Харпер никогда не считала себя религиозной, но в церкви лагеря Уиндем пришла к выводу, что религиозны все. Если ты можешь петь, то можешь верить и спастись.
Религиозны все – кроме, наверное, Пожарного. Он смотрел на отца Стори с холодным отчуждением, пуская колечки дыма. Он не курил сигарету. Он пускал колечки горлом – густой дым поднимался волнистыми кругами. Пожарный заметил взгляд Харпер и улыбнулся. Показушник.
Отец Стори снял очки, протер их о свитер и снова надел.
– Но, видимо, не все с нами согласны. Два месяца назад кто-то начал таскать еду с кухни. Понемногу – молоко, мясные консервы. И говорить-то особенно не о чем. Если задуматься – кражу нескольких банок «спама» можно счесть скорее услугой. Но потом стали пропадать другие вещи – из женской спальни. У Эмили Уотерман пропала счастливая звездная чашка. У сестер Нейборс – пузырек лака для ногтей. Пять дней назад кто-то украл из-под подушки у моей внучки медальон. Не знаю, стоит ли говорить, что он золотой, но внутри – фото матери Алли, единственная память о ней; утрата разбила Алли сердце. А вчера воровка стащила у сестры Уиллоуз посылку для ее еще не рожденного ребенка. Думаю, вам всем известна эта посылка, которую она называет «Подручной мамой».
Отец Стори сунул руки в карманы и качнулся; очки, отражая свет свечей на кафедре, блеснули красным огнем.
– Уверен: та, кто взяла вещи в женской спальне, сейчас стыдится, она напугана. Все мы испытали ужас, обнаружив у себя следы драконьей чешуи, а в состоянии такого стресса легко поддаться порыву, взять чужое, не думая, какую боль можешь причинить. И я говорю взявшей эти вещи, той, кто сидит сейчас среди нас: назовите себя, не бойтесь.
– Я бы не рассчитывала, – прошептала Алли, и сестры Нейборс отозвались сдавленным нервным смешком. Впрочем, на лице Алли веселья не было.

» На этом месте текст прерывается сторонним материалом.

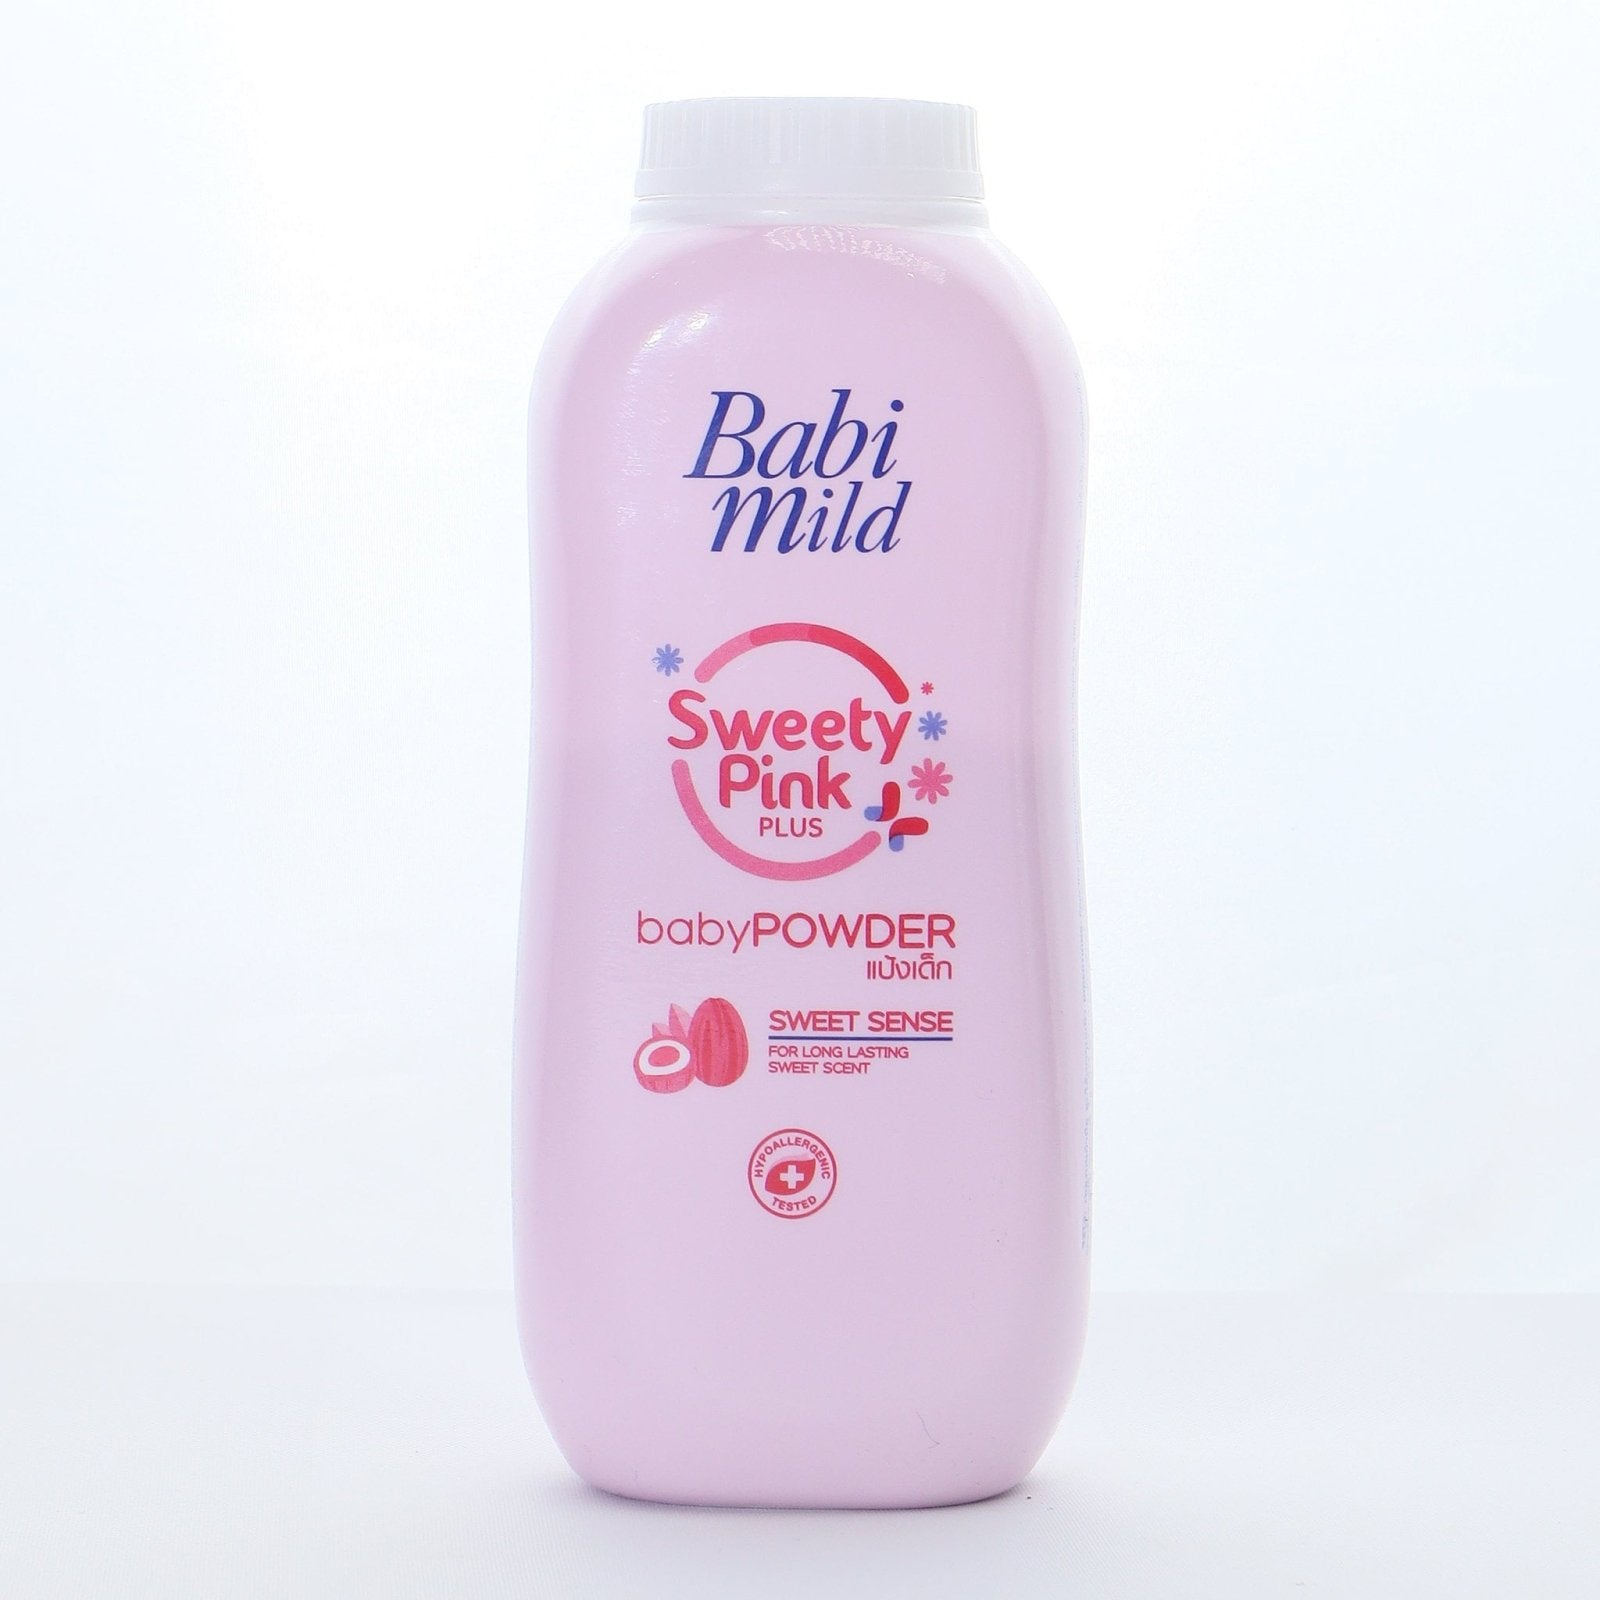 Baby Powder Sweety Pink Plus 160g | Babi Mild - Zubaidas Mothershop

– Потребуется настоящее мужество, чтобы заговорить и признаться в содеянном. Но если вы скажете нам правду – если возвысите голос, чтобы признаться, – все здесь будут сиять ради вас. И радость, которую мы ощущаем, когда поем, покажется ничтожной в сравнении с этим. Я знаю. Это будет слаще любой песни, и сердца присутствующих подарят вам нечто гораздо более ценное, чем те вещи, которые вы взяли. Они подарят вам прощение. Я верю в этих людей, в их доброту; я хочу, чтобы вы узнали их так же, как знаю я. Они будут любить вас даже после того, что вы сделали. Здесь все знают, что заставляет драконью чешую светиться. Не музыка – если бы дело было только в музыке, мой глухой внук не мог бы светиться с нами. Это гармония – гармония со всеми. Вас не станут стыдить, вас не прогонят. – Отец Стори опустил подбородок и почти сурово оглядел слушателей через очки. – А если кто-то и попытается, я вмешаюсь. Здесь мы возвышаем наш голос в песне, а не в презрении, и я верю, что взявшая эти вещи просто не могла с собой справиться, как мой внук не может перестать быть глухим. Верьте в нас, и я обещаю: все будет хорошо.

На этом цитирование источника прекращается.